I purchased the electric hot plate from a local variety store for less than US$10. They can also be had at big box retailers such as Target and Walmart stores. In the pictures above, I'm using an old empty steel barrel as a non-combustible table. Warning! Do not use a barrel full of combustible liquids or fuel. Also, I would recommend releasing any internal pressure by unscrewing the bung cap and replacing it before heating anything on top. The fully charged fire extinguisher in picture on the right is the most important item in the "Crackle Test."

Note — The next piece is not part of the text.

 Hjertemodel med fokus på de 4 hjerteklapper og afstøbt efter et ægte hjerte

Make sure that the candy thermometer is attached to the side of the pan and adjusted so the bottom of the thermometer is off the bottom of the pan but will be submerged in the oil as it is heating. We're looking for an accurate temperature reading of the oil and not the surface of the pan. From a small sample container of waste oil, pour enough oil to cover the bottom of the pan and submerge the bottom tip of the candy thermometer in the oil. Avoid filling the container up even to the halfway point. Since you are not familiar with the water content of this oil, you don't want to be surprised with a large sample of water-laced oil when the pan heats up and the water starts boiling off!
Notice in the picture below how much oil is in the pan. Also notice that I am using a small sauce pan that allows me to get a decent depth to the oil sample without having a large volume of oil to create a possible hazard.

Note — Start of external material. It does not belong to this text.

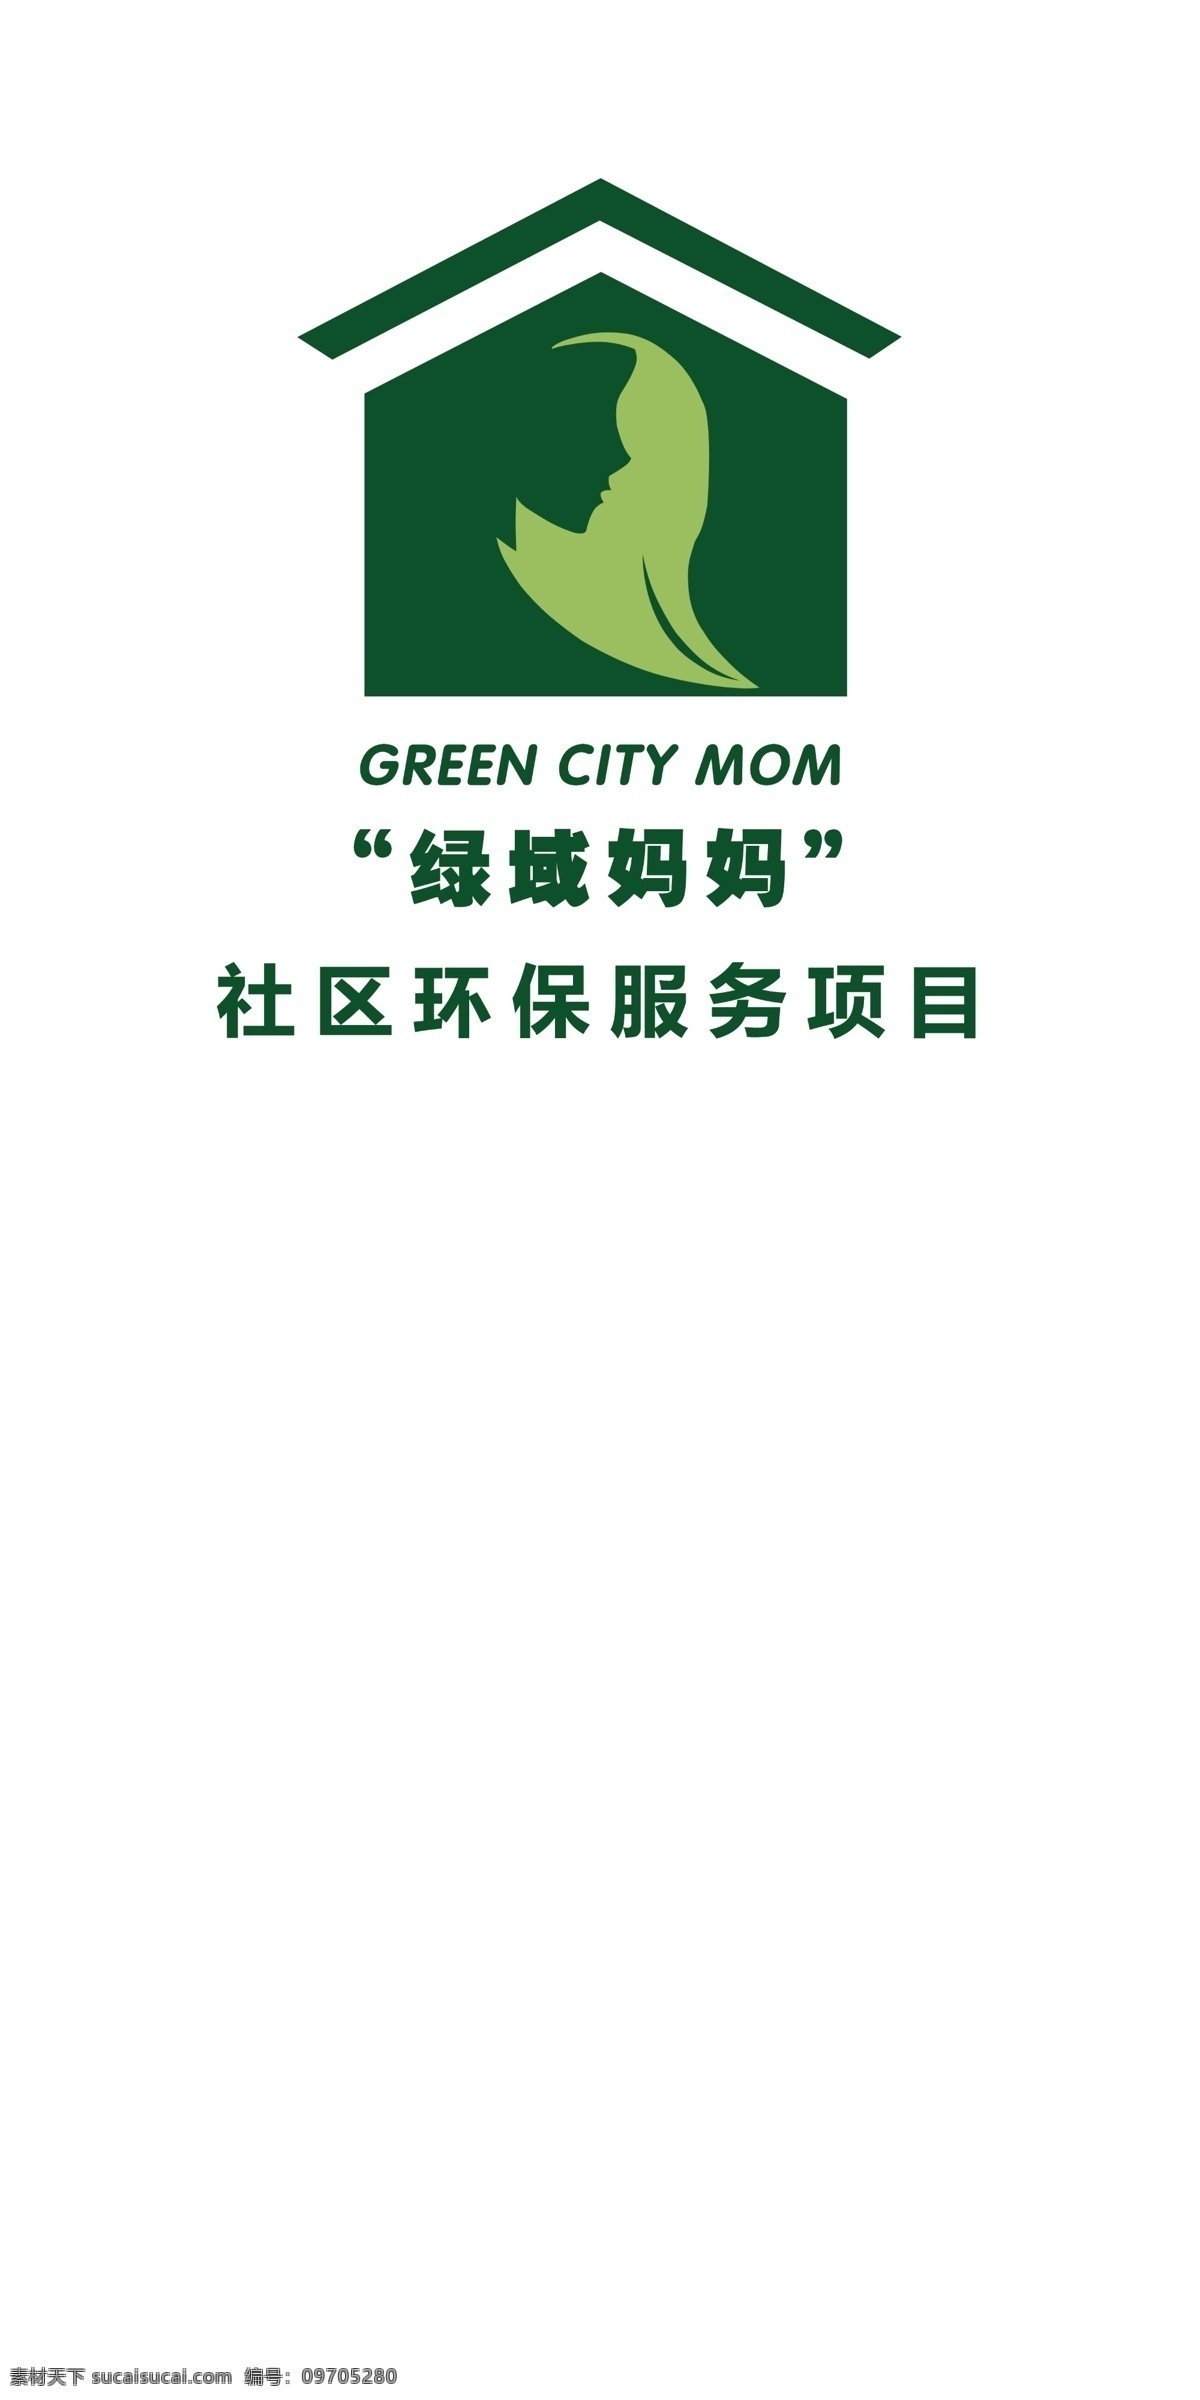 吕 域 妈妈 logo 环保logo 绿色 社区 标志 logo设计

Once you make sure that the area is clear and you are familiar with quick operation of your fire extinguisher, plug in the hot plate and turn it up to approximately medium high. Start watching the thermometer carefully while familiarizing yourself with the points on the thermometer indicating that the oil will boil soon if there is water. (a little over 210 degrees Fahrenheit)
The oil above is approaching 175 degrees Fahrenheit. Start getting prepared for possible water boiling as you are probably within 40 degrees of water's boiling point.

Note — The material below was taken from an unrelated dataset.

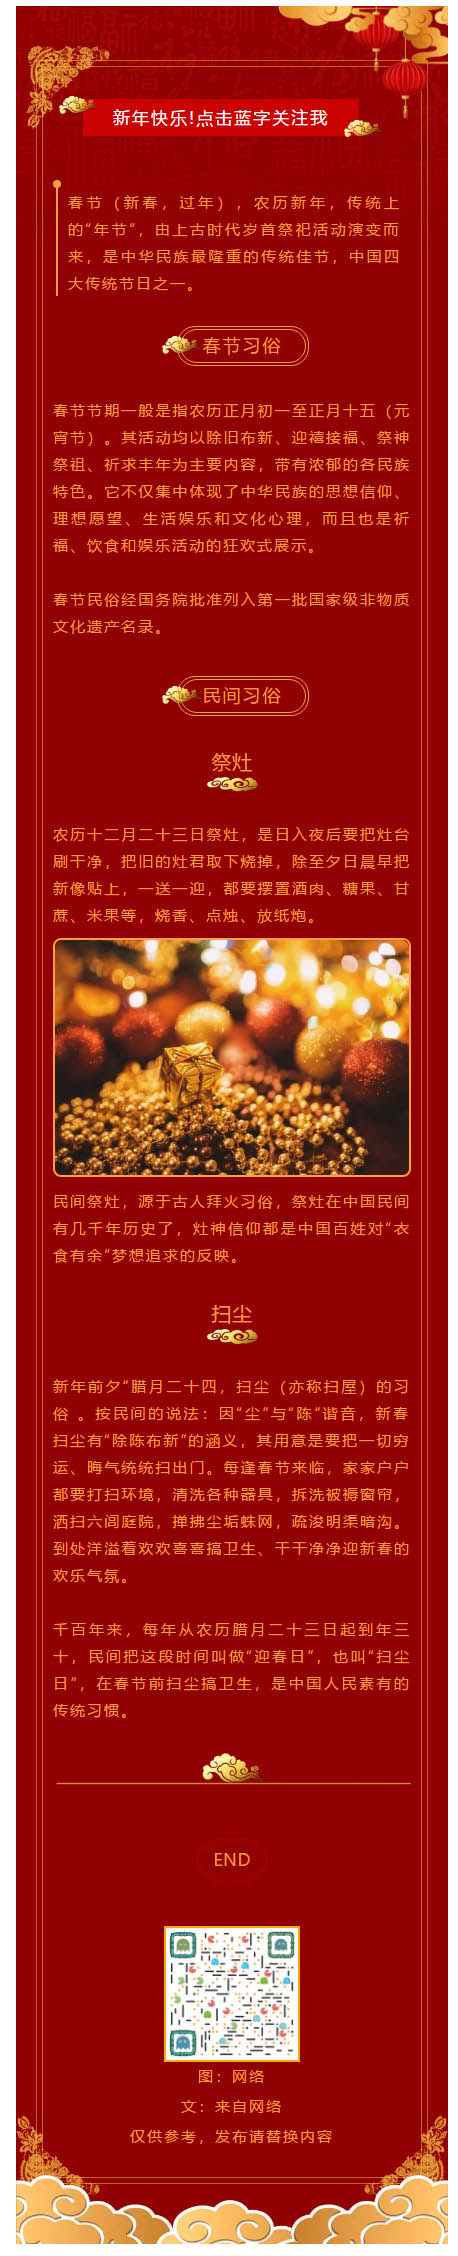 农历春节微信模板新年红色风格公众号文章模板推送图文素材

The oil is now at the boiling temperature of water and no popping or cracking! However, if you hear some occasional popping and cracking you may have some moisture in the oil or in suspended food particles. This can be remedied very easily by a basic dewatering and filtering process. If your oil reaches a rolling boil before 200 degrees Fahrenheit, you know you are dealing with an oil water emulsion. If this is your result, consider picking another source for the oil and/or talk with the supplier to see if there is anything they can do to help reduce the water in the oil. Some simple remedies include training the fryer operator to keep water and cleaning solution separate from the oil or sealing the storage container before leaving it outside in the elements.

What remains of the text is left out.